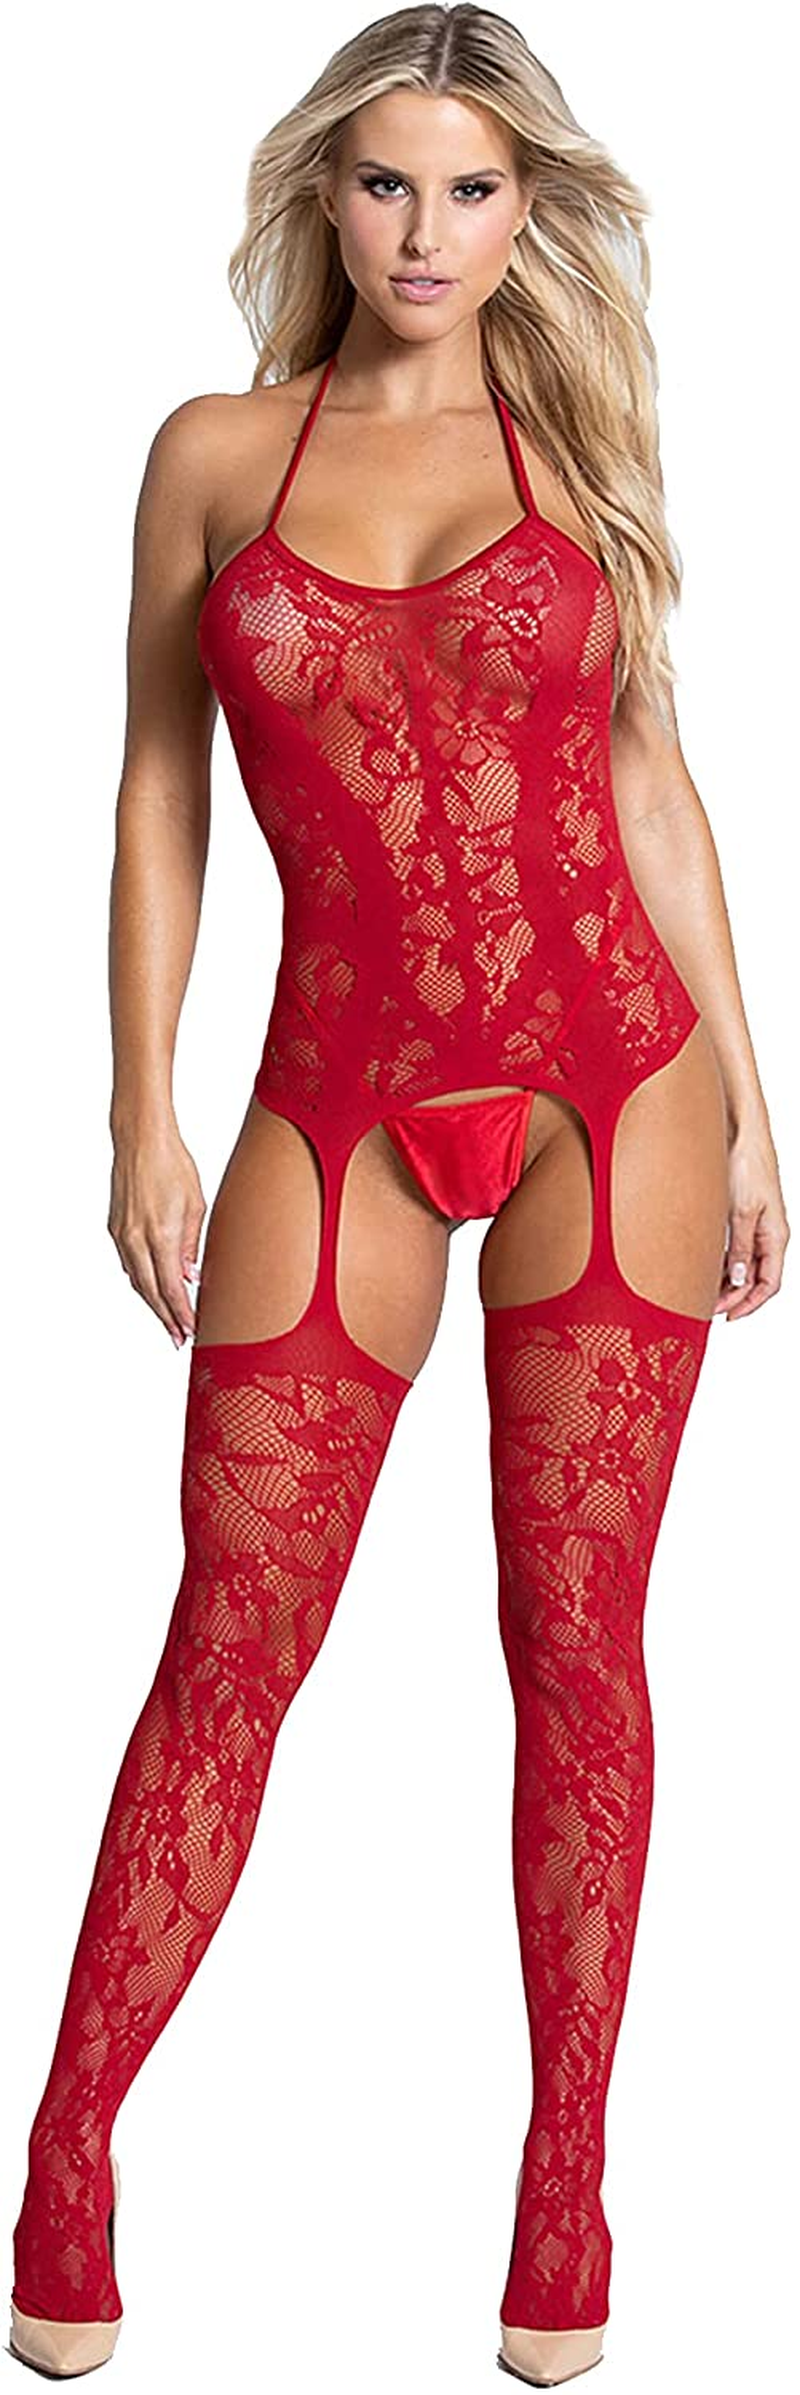 Women's Fishnet Bodystocking Attached Thigh High Stockings - One Size
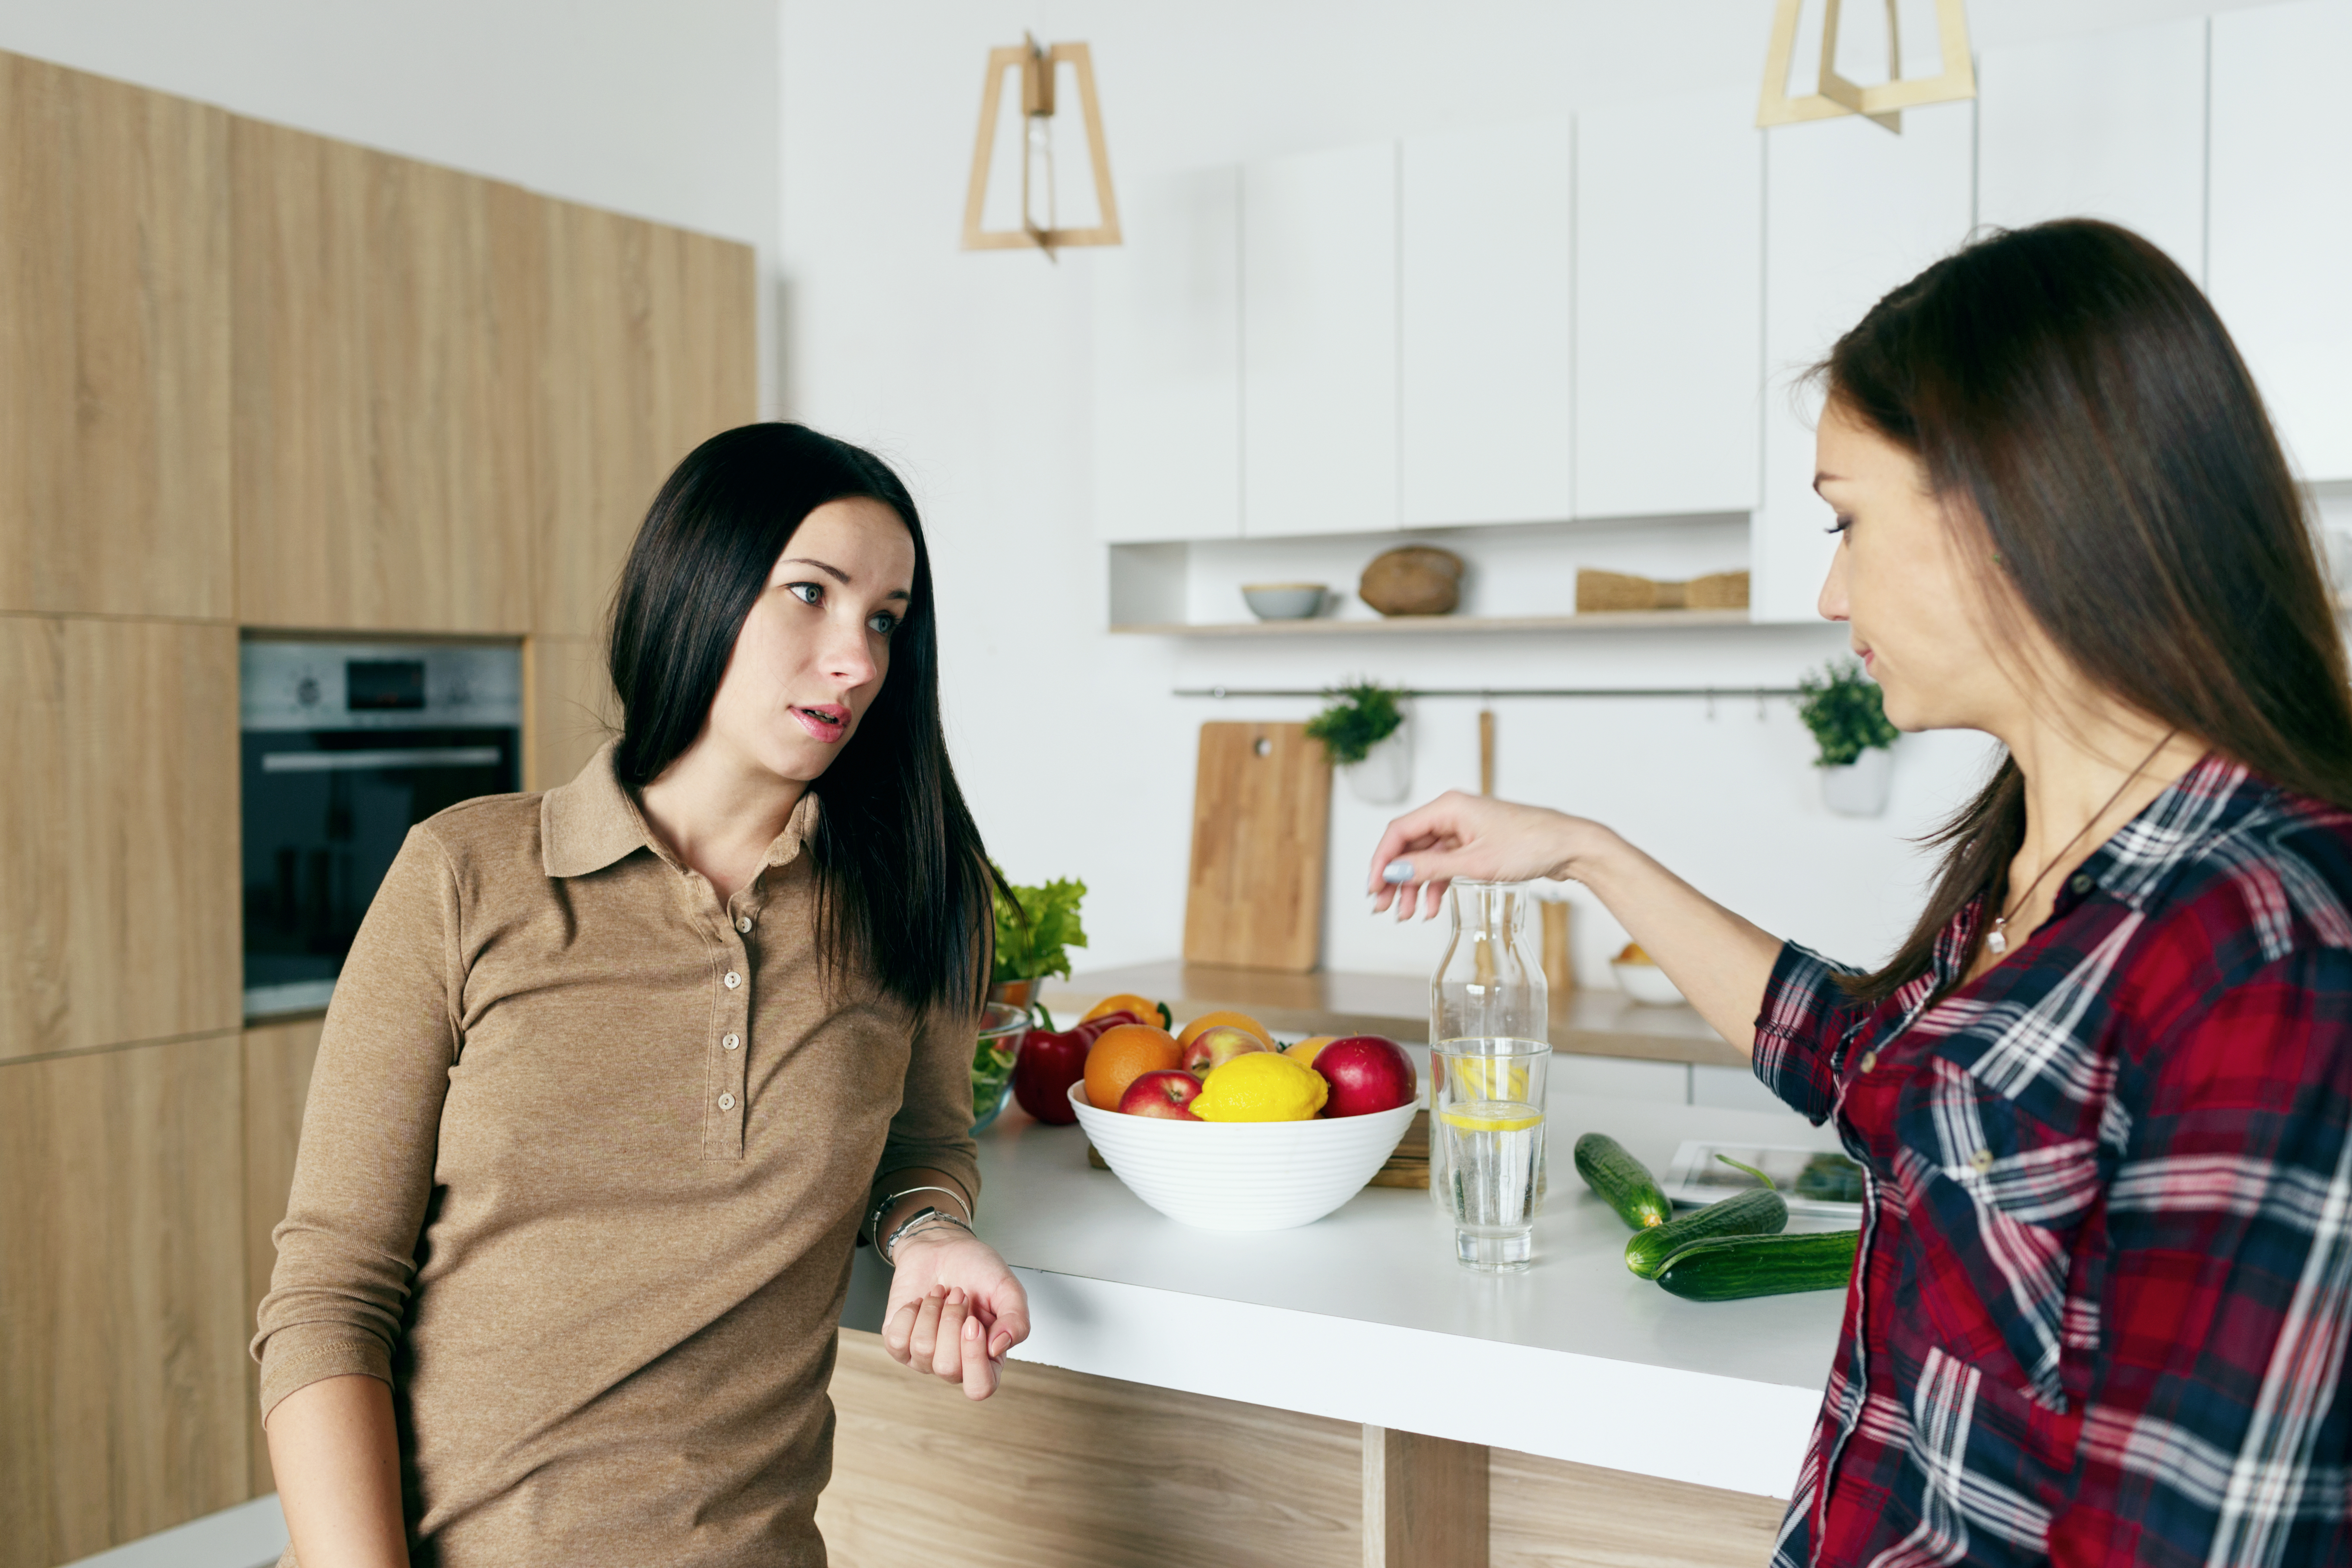 Two women having a conversation in the kitchen | Source: Shutterstock
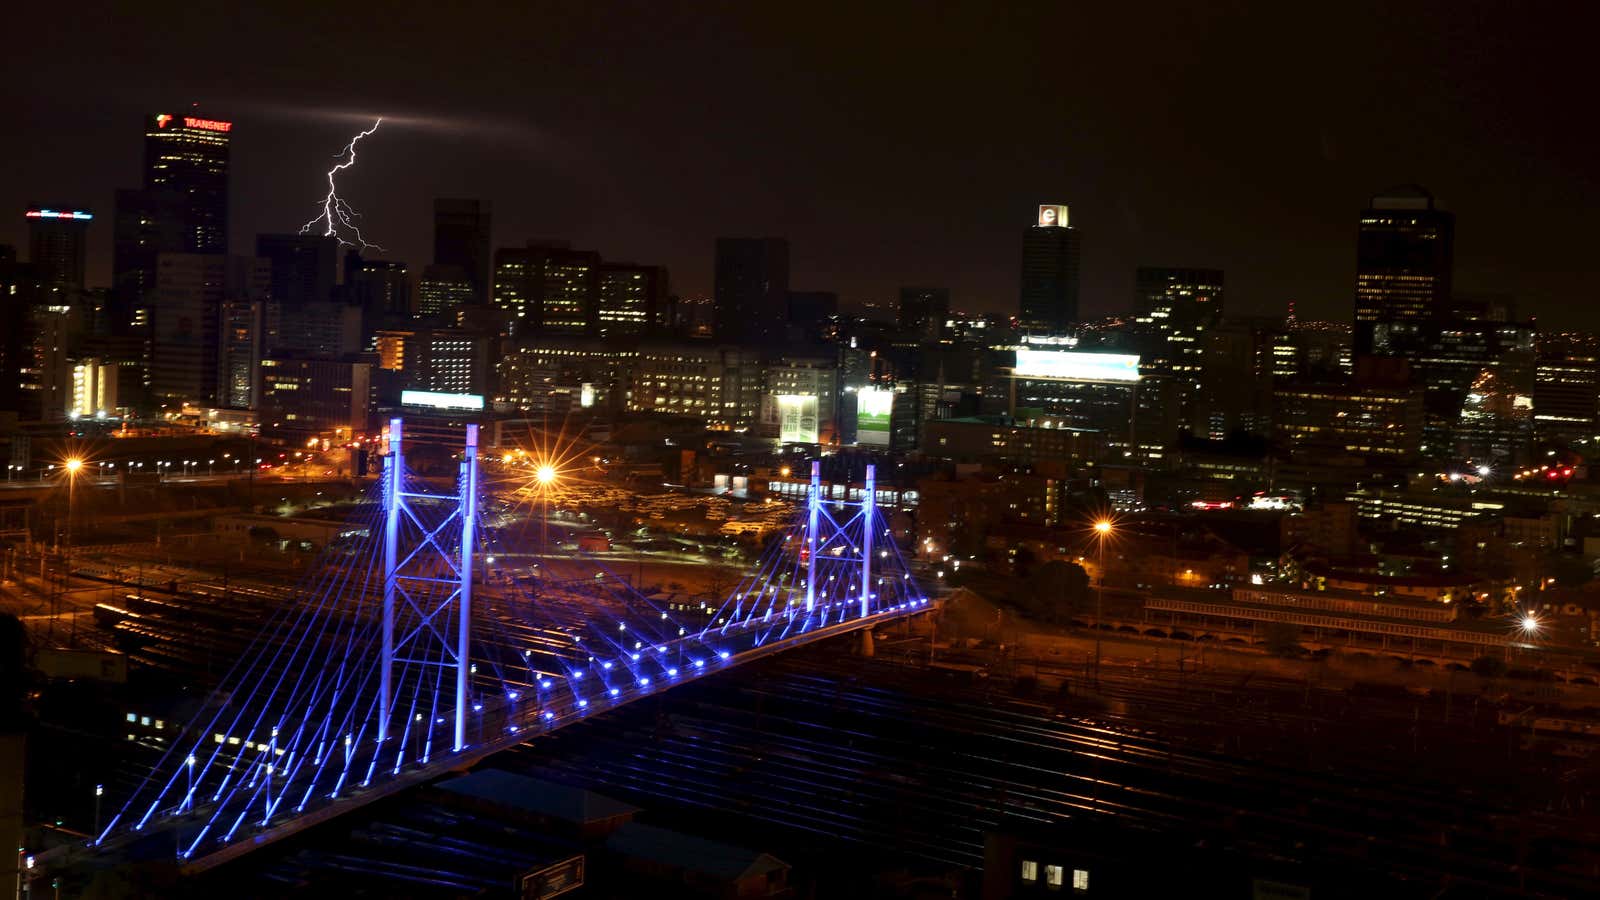 Dark times for the ANC as it loses Johannesburg.

-------

Omit the pictures. Transcribe word for word the lines from the one containing "Two women having" through the end of the listing, inclusive.

 Two women having a conversation in the kitchen | Source: Shutterstock
 Dark times for the ANC as it loses Johannesburg.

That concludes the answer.